I was not particularly surprised when my sister related that she had been called to the local elementary school because of some form of misbehavior by her eldest grandson, JaShawn. If it were ever possible to meet a kid who is the polar opposite of me, JaShawn is it. This six year old is loud, energetic, engaging, has a humongous personality, and lives his young life with absolutely no regard for any consequences for his actions; of course, it is this latter quality that concerns me the most as Black males simply can not afford such a trait.
However, when my sister arrived at the school to see what incident occurred with this ‘hard headed little boy’, his teacher, a white female, related that JaShawn had beaten up another child, a white child at that, during recess.
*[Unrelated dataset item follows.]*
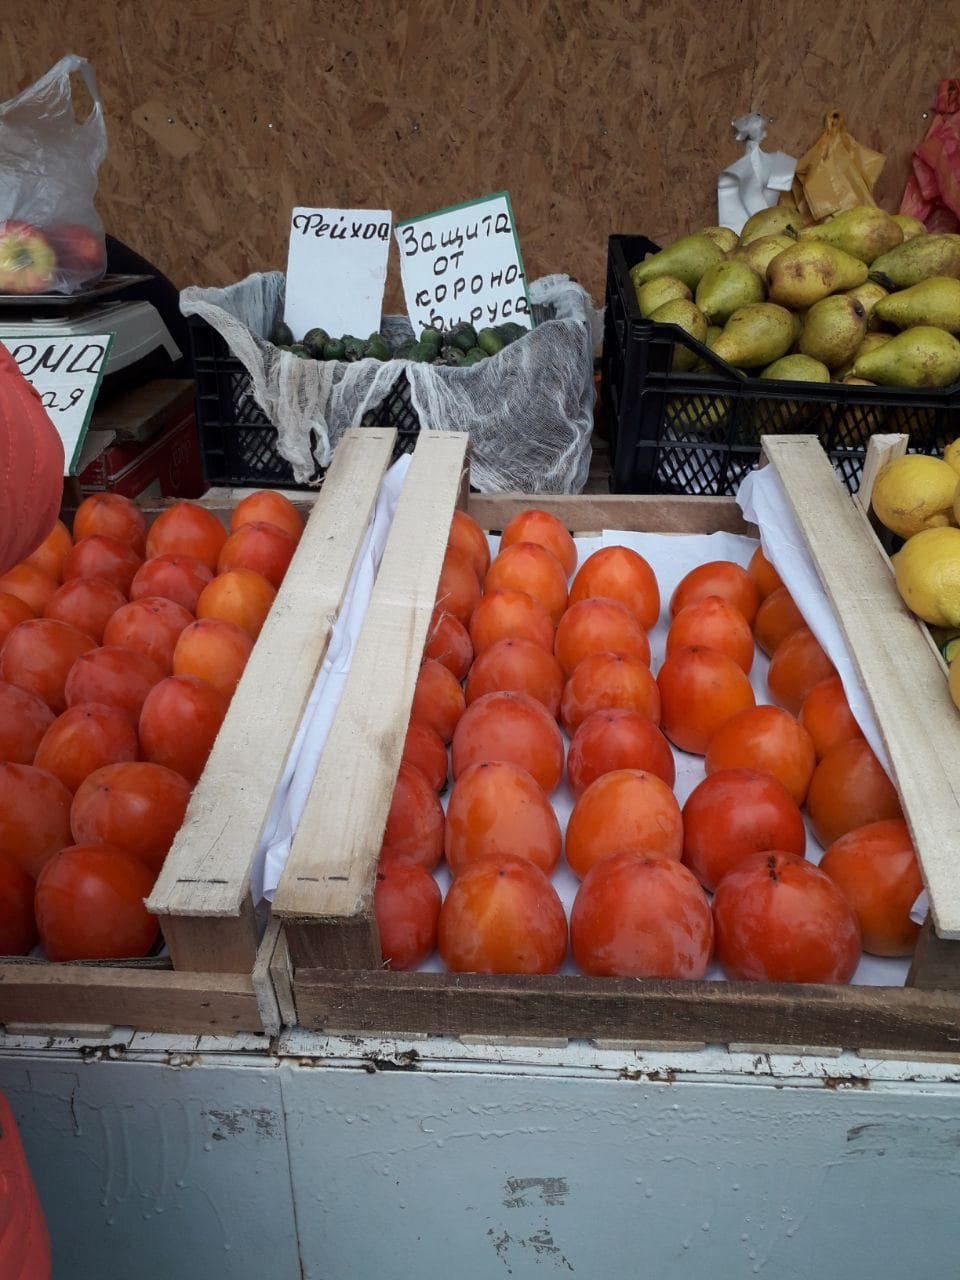 Курьёз: на запорожском рынке продают «защиту от коронавируса» (ФОТО)

Now it is natural to think that the alluded to conflict must have had something to do with race, however, I must remind you that the two combatants were six years old; fortunately, race has not entered into their world. Despite what many want to believe, race is a social construct developed for political reasons and one that we must be socialized to deal with. Put simply, these two children, one black and one white, best friends’ or at worst play pals, were unconcerned with race. Their conflict was of another nature.
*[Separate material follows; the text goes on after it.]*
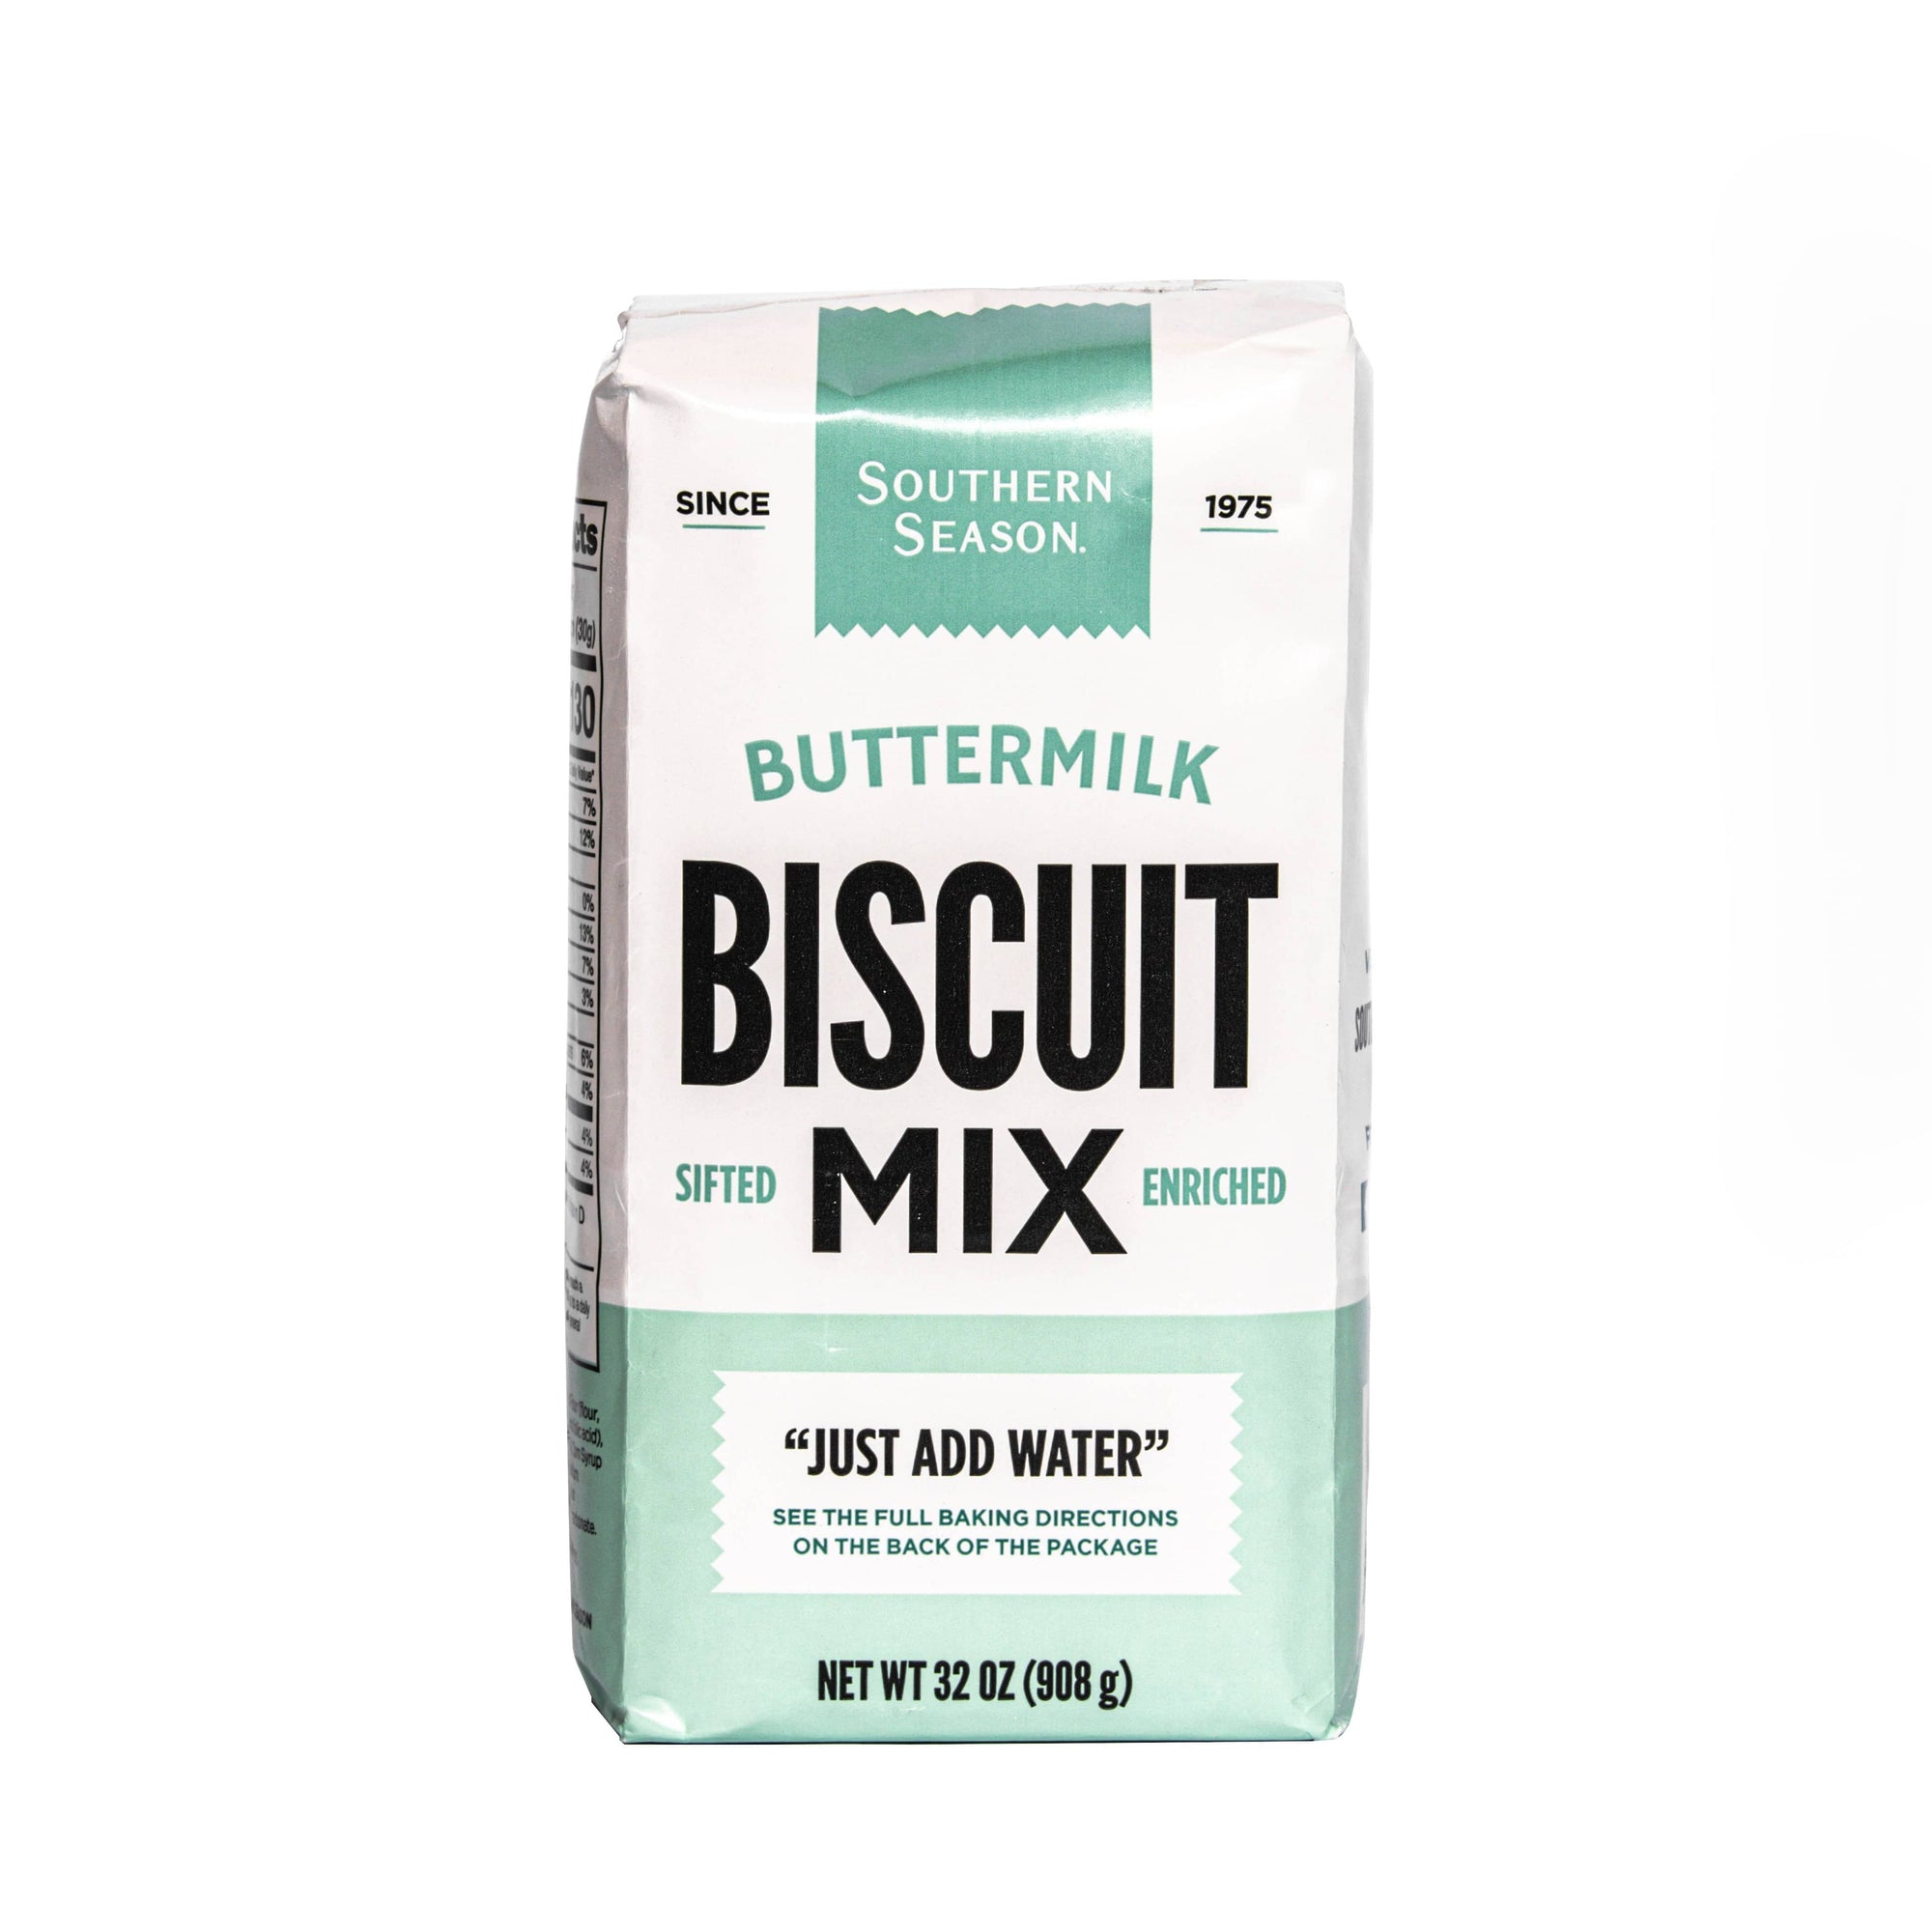 Southern Season Southern Season Buttermilk Biscuit Mix 2 lb

My sister related that she was attempting to be simultaneously protective of her grandchild, a posture, despite her fervent denials, that she always assumes, yet respectful of the teacher. The teacher related that the two boys had gotten into a physical altercation and by the time she reached the scene she had to pull JaShawn off of his classmate. However, she made a point to relate that JaShawn had the other boy on the ground, hitting him with a stick, kneeing him in the back, punching him in the head, and calling him the “N-word”. My sister, just looked at her grandchild with utter disappointment; however, she, like the majority of African-Americans, is not very trusting of white educators interpretation of events and asked JaShawn what occurred. He related the following in his unique language that for some reason calls for him to finish his sentences with the word “right”.
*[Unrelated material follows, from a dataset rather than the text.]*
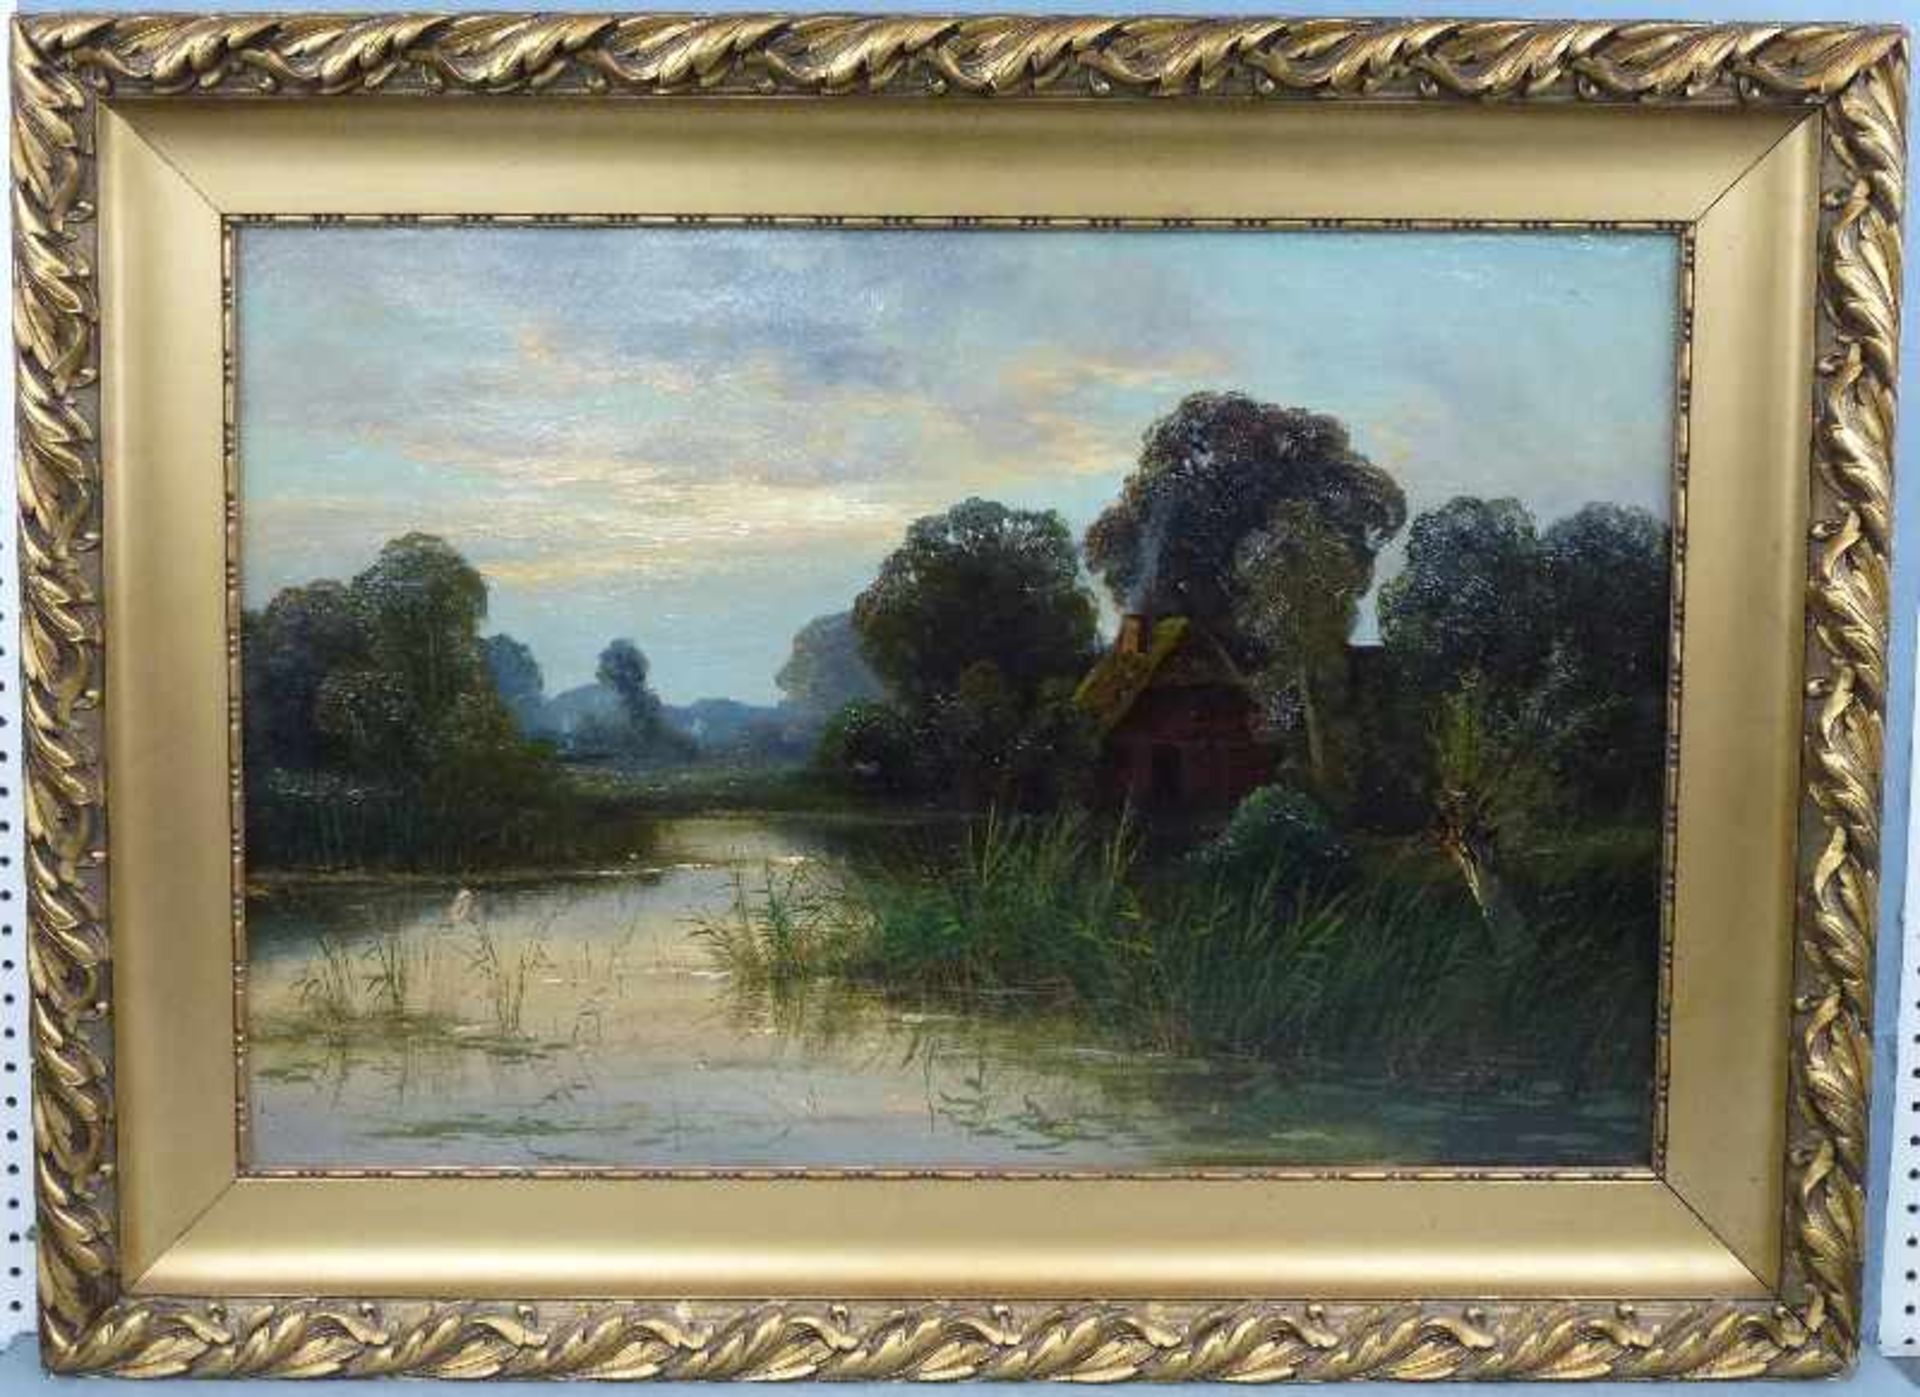 Niederrheinische Auenlandschaft, Arthur Bell (1876-1966) Öl/Lw, sign., Hof zw. Bäumen am Wasser, GR, - Bild 2 aus 3

“We were playing cops and robbers in the playground, right. Well, he is white and I am Black so he was the police and I was the robber, right. Well, he couldn’t catch me because I am faster than him, right. So I became the cop and he became the robber, right. Well, I caught him, right. And I was in the process of arresting him and taking him to jail, right. And then the teacher came over there and took me from recess, saying that I was in trouble for fighting! Grandma, I wasn’t even fighting, right.”
As I listened to this story, I could feel a humongous laugh building up deep inside my soul. There was quite possibly no greater means of showing the cavernous cultural gap between the differing lives that Americans live in, worlds that are primarily determined by race, class, cultural exposure, historical knowledge, and education. The teacher had no means of comprehending what my sister related to her regarding the primary catalyst to JaShawn’s behavior. She told the teacher, “That is how he has seen the police act in our community. In his mind, that is how you arrest someone. You knock them down, beat them with something, kick and punch them, and then you take them away.” The incredulous teacher responded with a peculiar “Oh!” After a long pause, she related, “but don’t you think that he needs to learn that such behavior is unacceptable?” My sister, a bourgeoning Civil Rights leader, retorted, “I’ll tell him, if you tell the police.” The educator’s only response was, “JaShawn you can go back to class now.”
James Thomas Jones III, Ph.D., M.A., M.A., M.A.